Tumor cell lines and culture
The 9609 cell line was derived from a fibrosarcoma that developed in a male C57BL/6 mouse injected with the carcinogen 3’methylcholanthrene (37). This cell line grows progressively when transplanted into syngeneic wild-type (WT) mice and forms fibrosarcomas. We previously found that transducing 9609 parental cells with the hMEK1 gene induced a regressor growth phenotype (36). Control 9609-parent (progressor), 9609-GFP (progressor), and 9609-hMEK1 (regressor) cells were cultured in RPMI 1640 media (Gibco™ 11875093) supplemented with 10% FBS (Peak Serum PS-FB4), 5% sodium pyruvate (Gibco™ 11360070), 5% non-essential amino acids (Gibco™ 11140050), 1% sodium bicarbonate (Gibco™ 25080094), 1% penicillin streptomycin (Gibco™ 15140122), 1% L-glutamine (Gibco™ 25030081) and 14.3 mM beta-mercaptoethanol (Gibco™ 21985023). Cells were grown in incubators supplied with 5% carbon dioxide and maintained at 37 degrees Celsius.

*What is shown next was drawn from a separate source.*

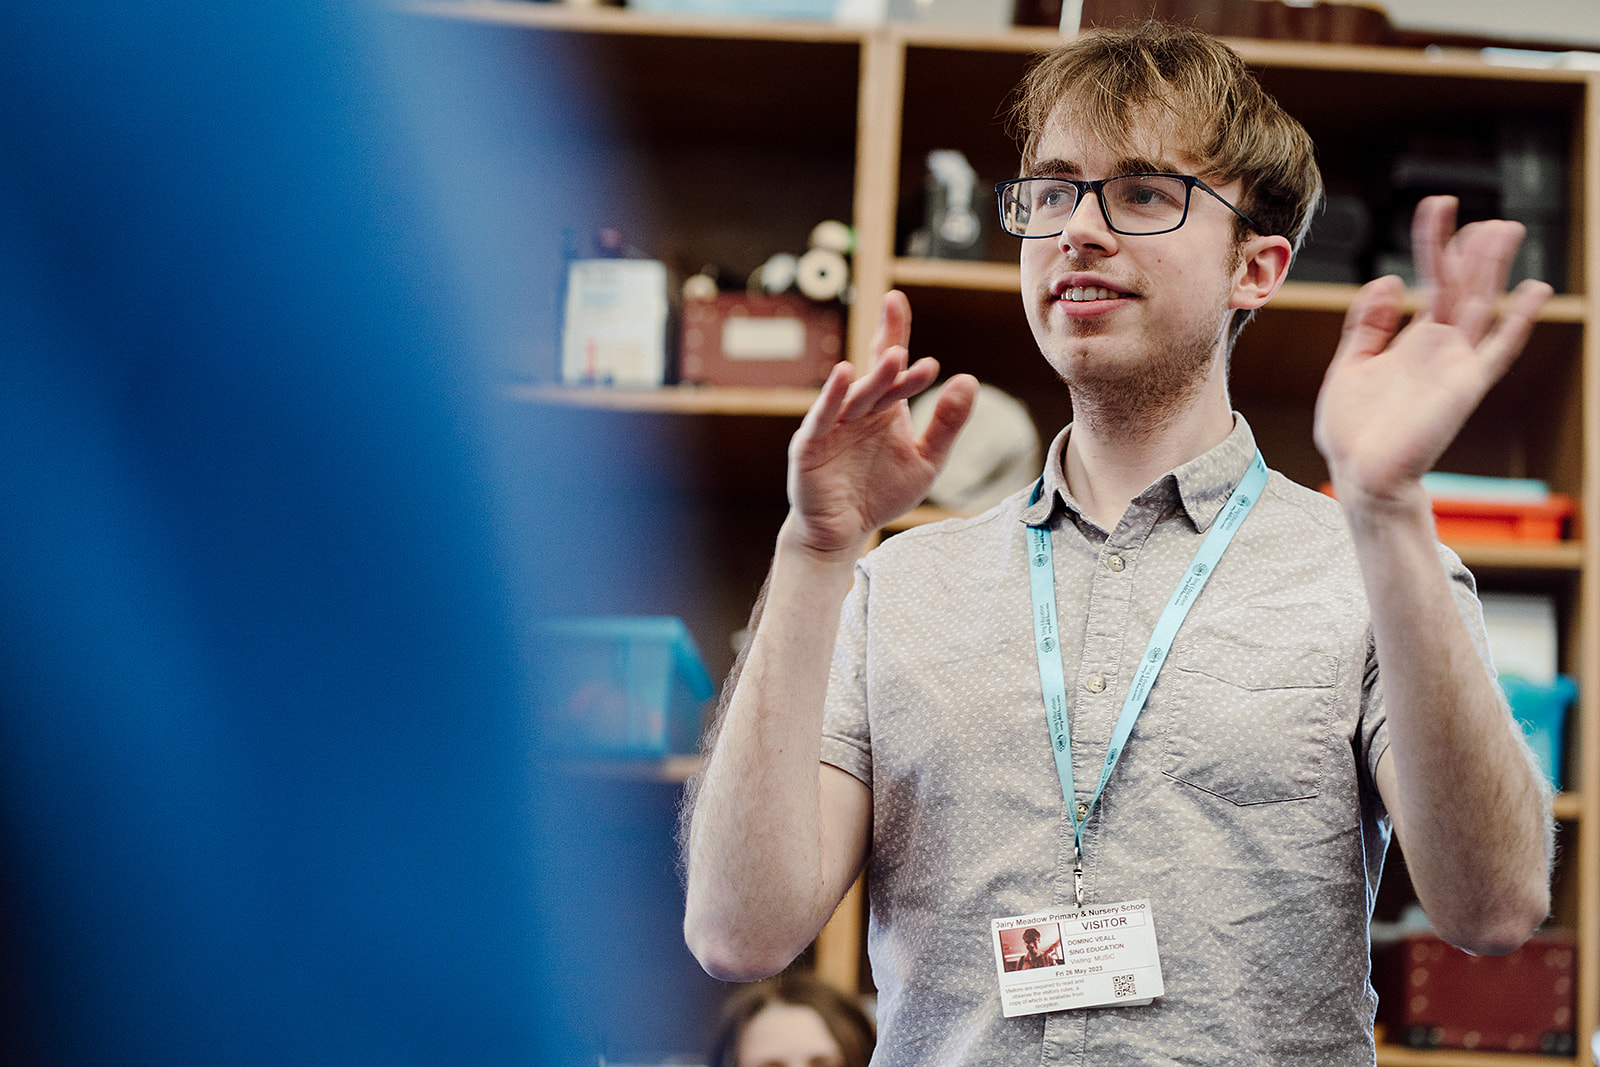 A young male educator with glasses is captured mid-gesture, likely leading a classroom activity or discussion. He's wearing a visitor badge, indicating he might be a guest teacher or specialist. The blurred foreground suggests a student's perspective, adding a sense of engagement and focus on the educator. The classroom setting is indicated by shelves with various items in the background, creating an educational atmosphere.

Tumor injection, isolation, and dissociation
Tumor cells were detached from tissue culture flasks via trypsinization and washed three times in cold HBSS (Gibco™ 14175079) with calcium and magnesium and injected at 1-5 million cells in the subcutaneous space of a syngeneic mouse (36). Mice bearing tumors with areas greater than 64 mm2 (21-55 days after transplant) were euthanized and tumors were harvested. Tumors were dissociated first mechanically using sterile razor blades and then enzymatically via type 1A collagenase (1 mg/mL) (Worthington Biochemical Corporation LS004197) digestion for 30 minutes at 37 degrees Celsius. The tumor single-cell suspension was passed through a 100 μm filter and spun into a tumor pellet for purification of TAMs.
TAM purification
TAMs were purified using positive magnetic bead selection (STEMCELL Technologies). The tumor pellet was resuspended in buffer (PBS with 2% FBS and 1 mM EDTA) and incubated with primary F4/80 antibodies followed by secondary antibodies conjugated with metal beads. F4/80-positive cells were selected using a magnet and washed twice in serum-free media to remove any serum-derived exosomes. 100,000 to 200,000 cells were seeded into each well of a TC-treated 24-well plate, with serum-free exosome-free media (RoosterCollect™-EV, RoosterBio) for up to 9 days for exosome harvest.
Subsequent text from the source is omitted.